== Task details ==
Drop every image, then reproduce the data exactly as given.

== Available data ==
======

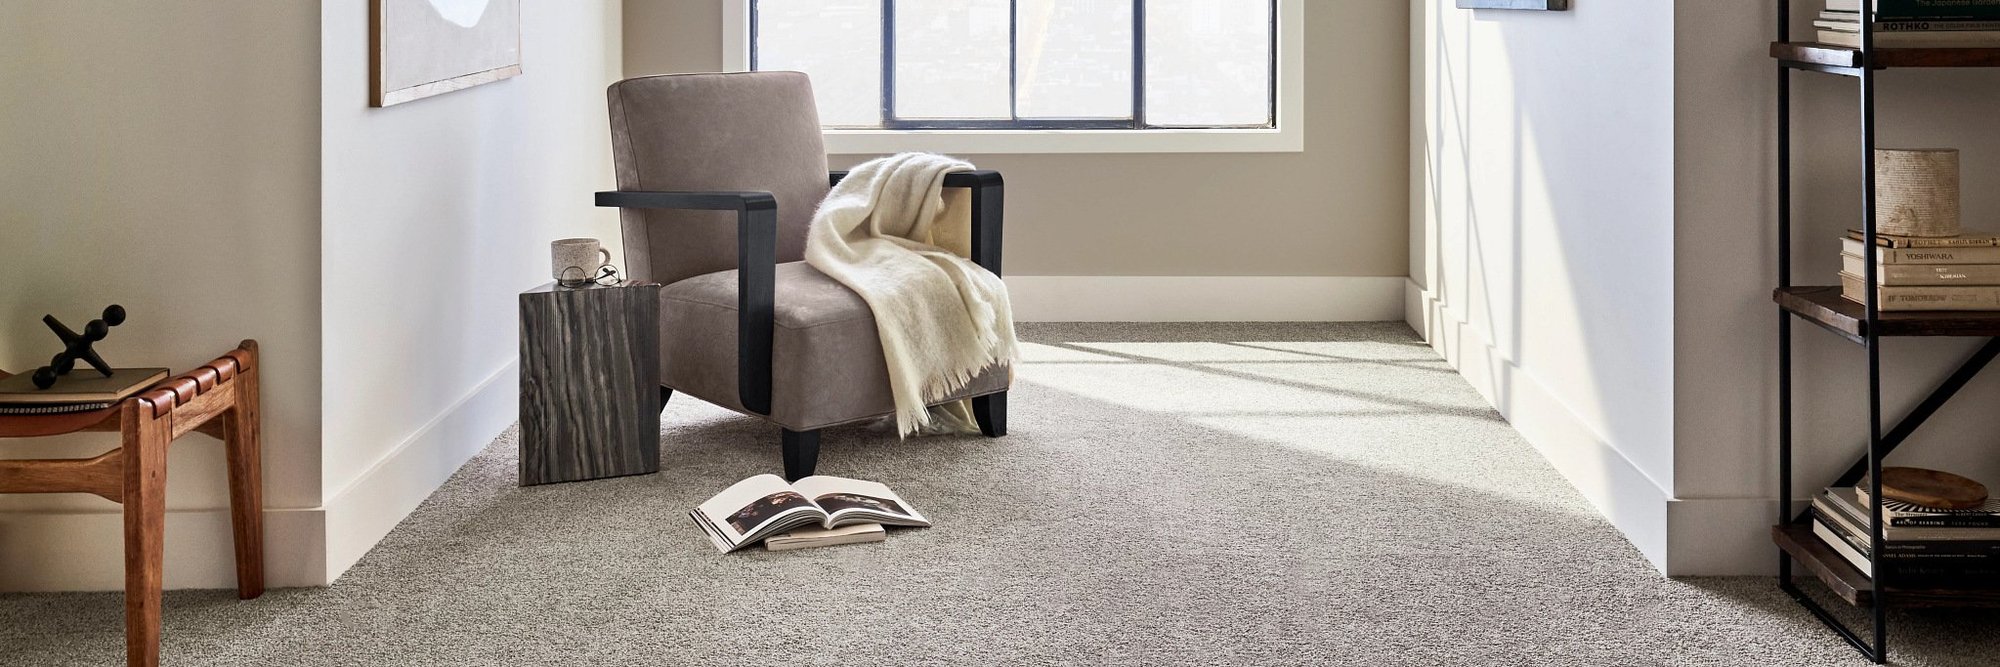 armchair on carpet living room - Rickway Carpet in MN
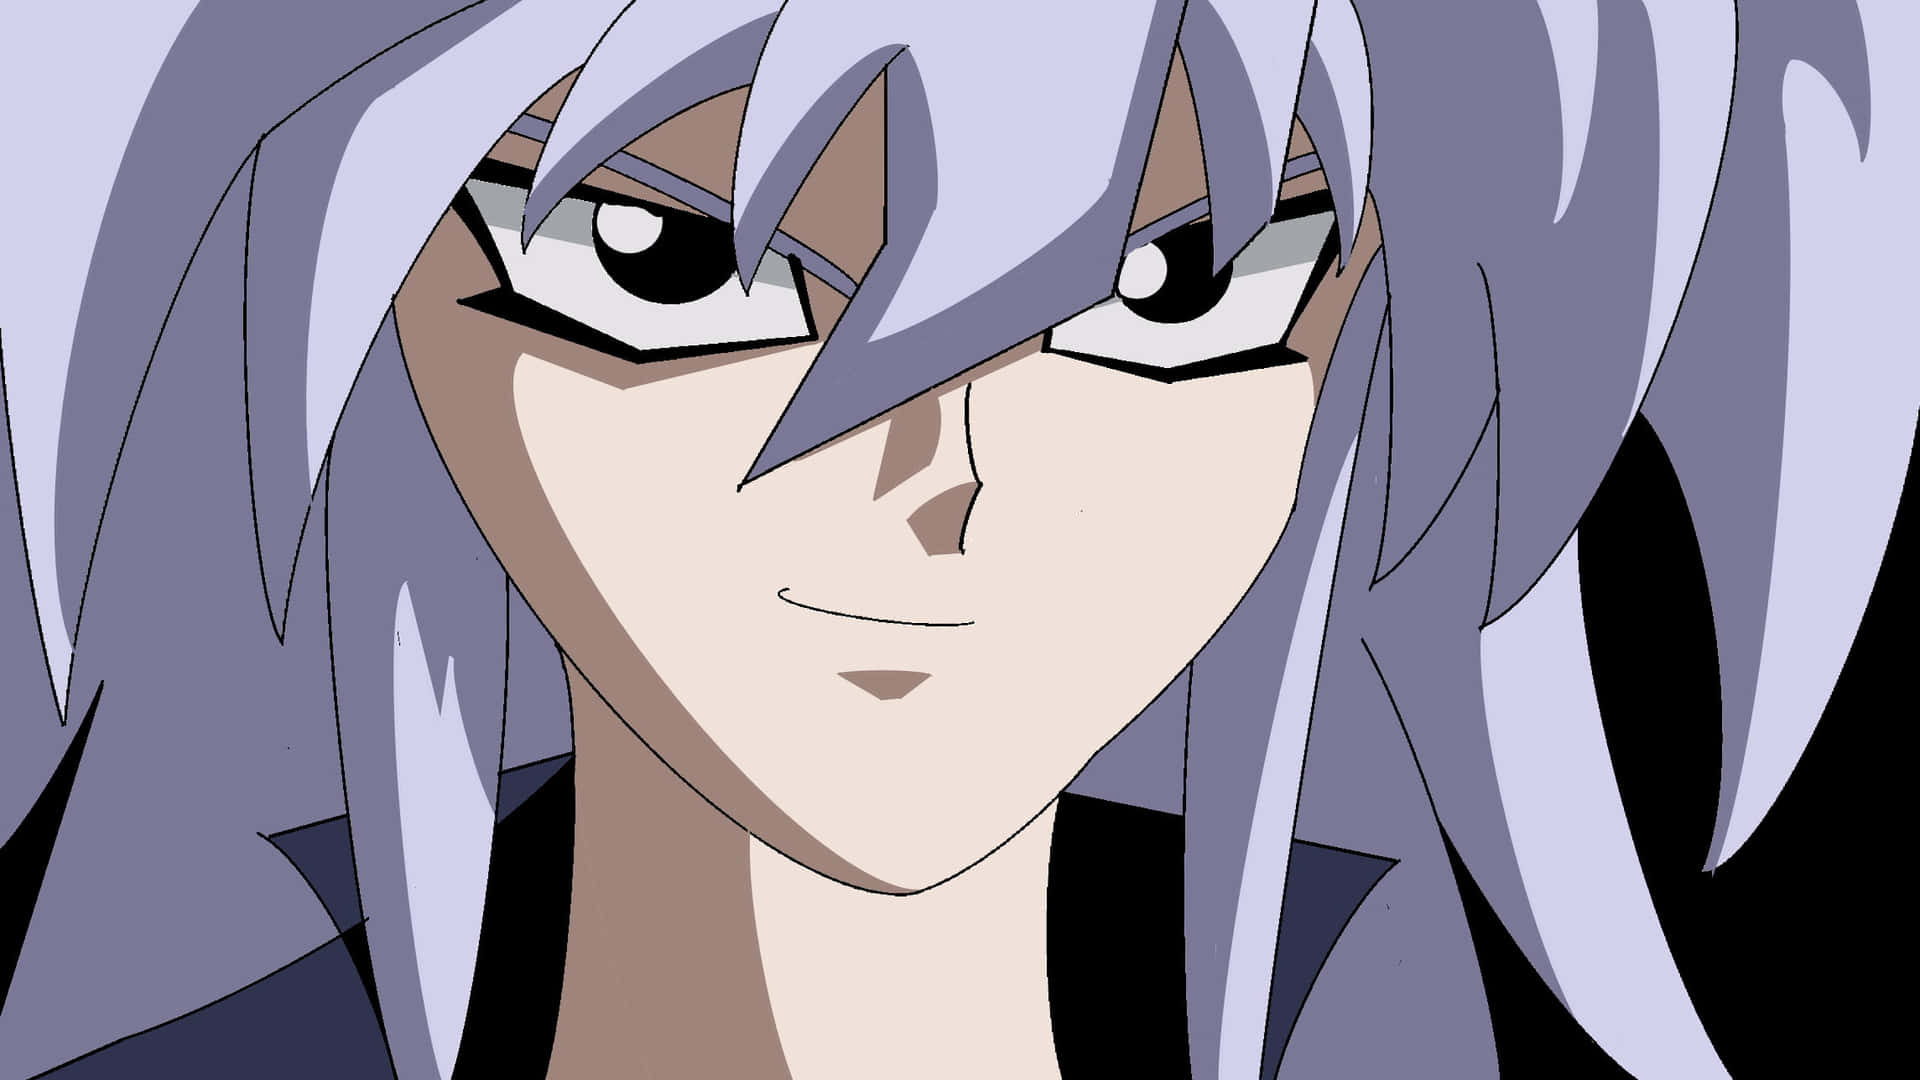 Yami Bakura smirking with an evil look in his eyes Wallpaper
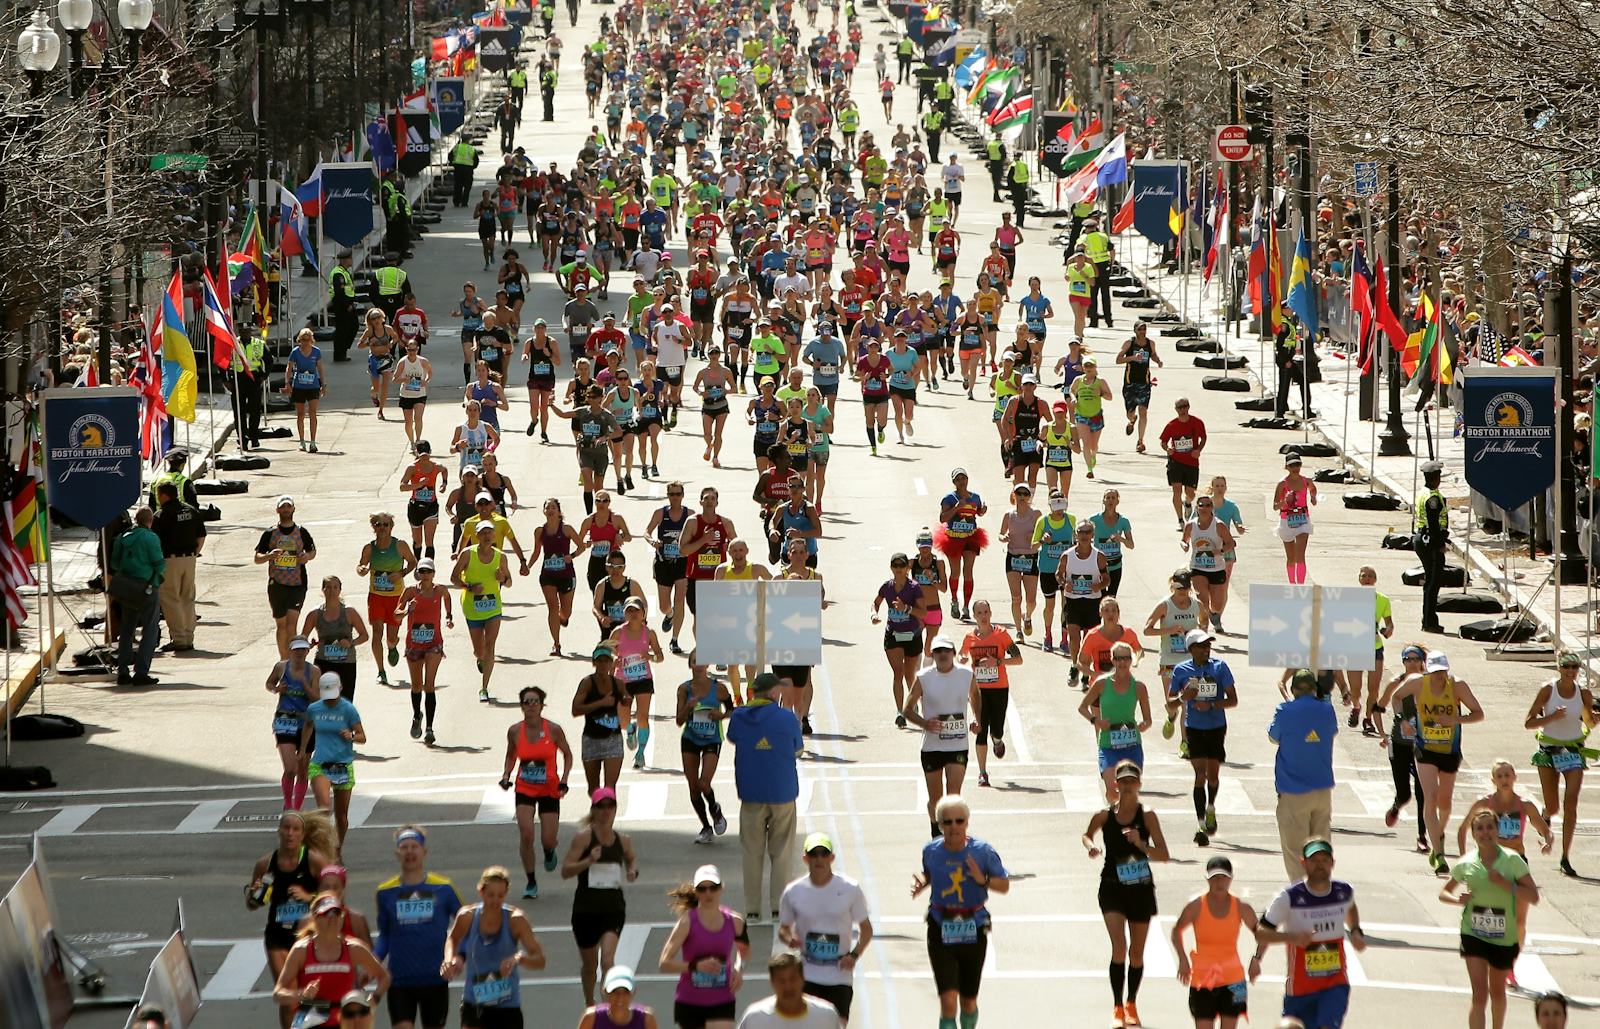 Rahaf Khatib Ran The Boston Marathon To Raise $16,000 For Syrian Refugees

======

== Exercise solution ==
 armchair on carpet living room - Rickway Carpet in MN
 Yami Bakura smirking with an evil look in his eyes Wallpaper
 Rahaf Khatib Ran The Boston Marathon To Raise $16,000 For Syrian Refugees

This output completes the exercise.